- _RECORDS FOR THE EXERCISE_
_ _ _ _ _

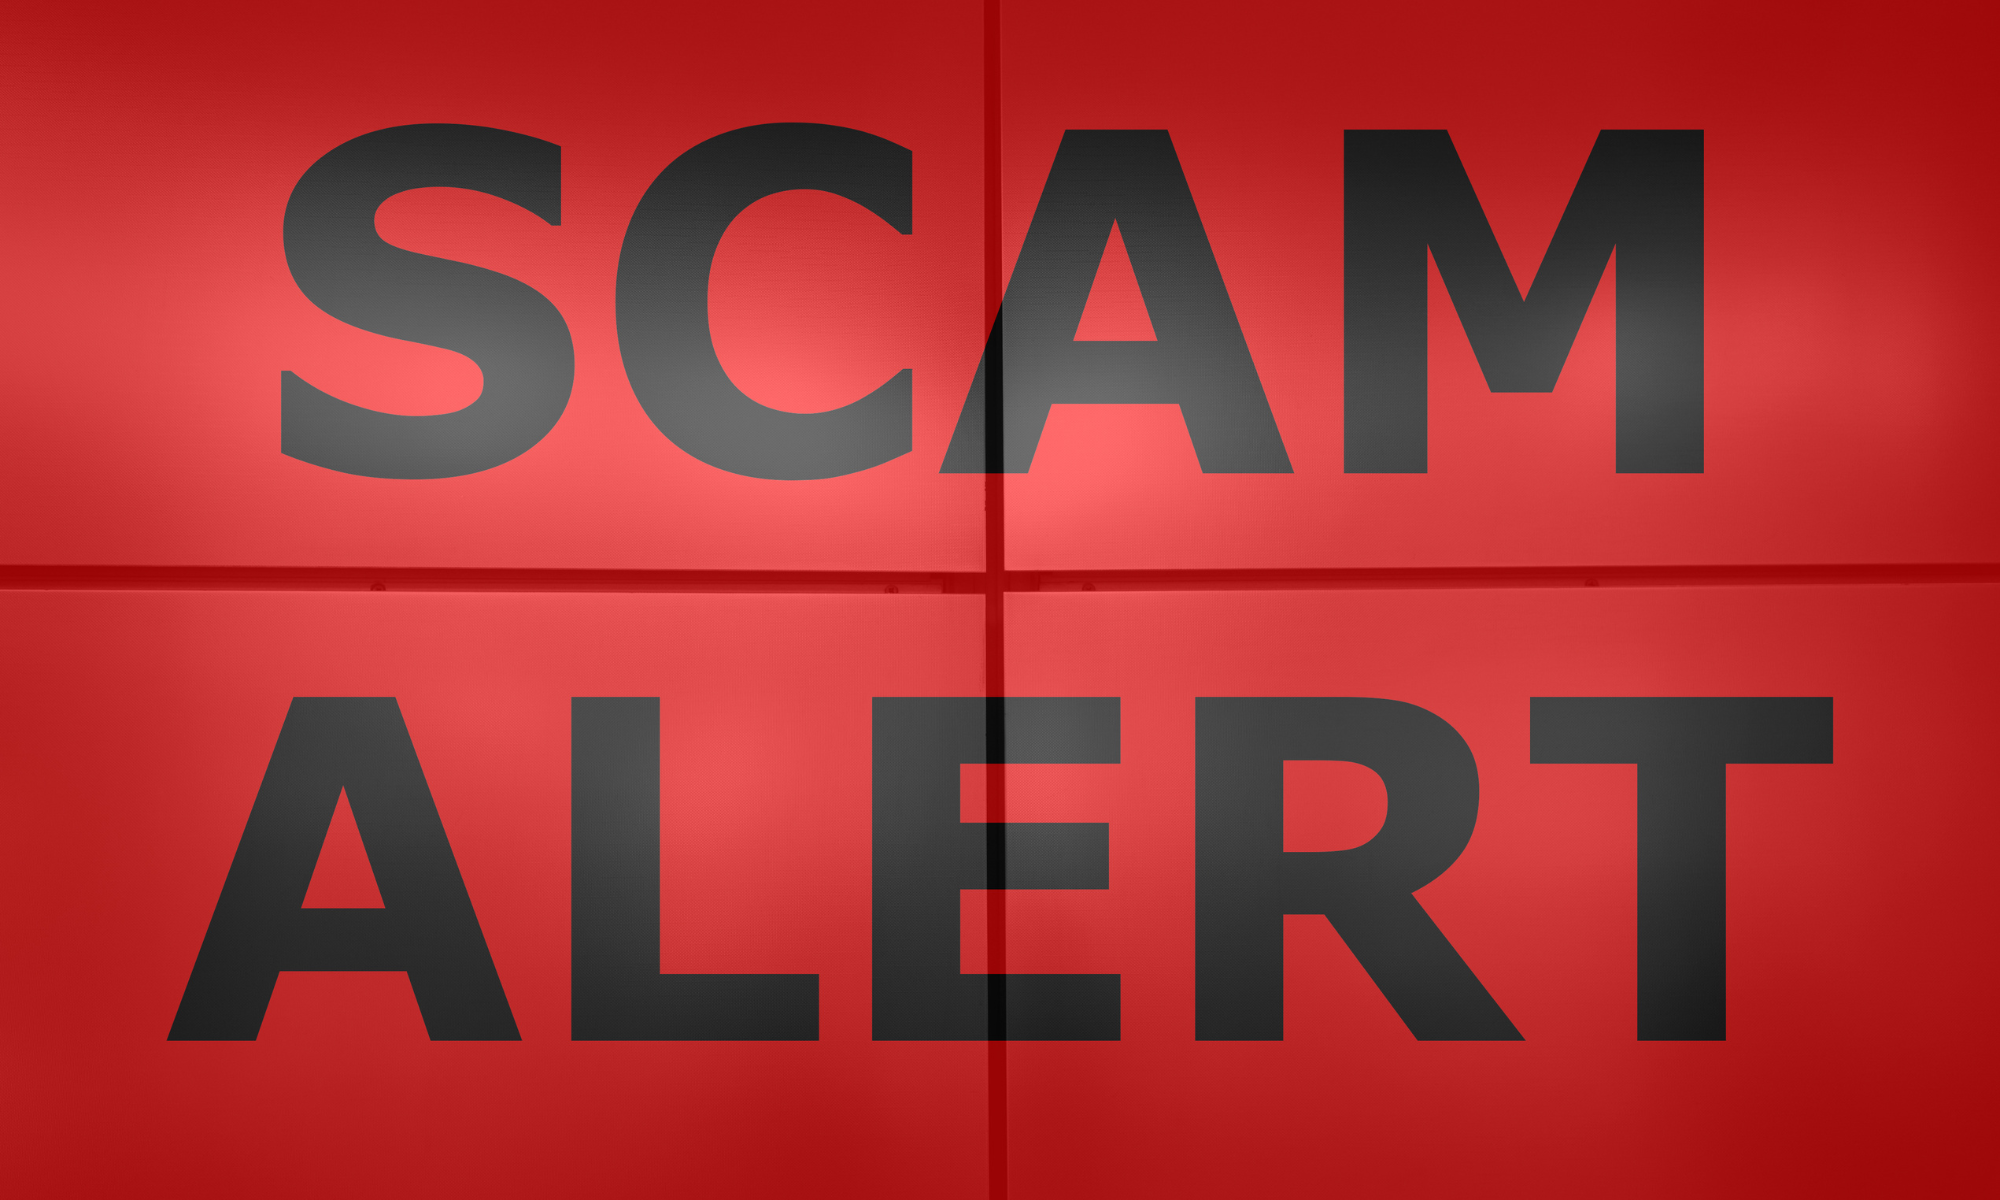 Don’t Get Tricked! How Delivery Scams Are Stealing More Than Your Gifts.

_ _ _ _ _

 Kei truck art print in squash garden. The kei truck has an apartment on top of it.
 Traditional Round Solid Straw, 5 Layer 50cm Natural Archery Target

_ _ _ _ _

- _PROBLEM TO SOLVE_
Return exactly, and only, the lines above starting at the line that contains "Kei truck art" and ending at the line that contains "Traditional Round Solid".

- _ANSWER TO THE PROBLEM_
 Kei truck art print in squash garden. The kei truck has an apartment on top of it.
 Traditional Round Solid Straw, 5 Layer 50cm Natural Archery Target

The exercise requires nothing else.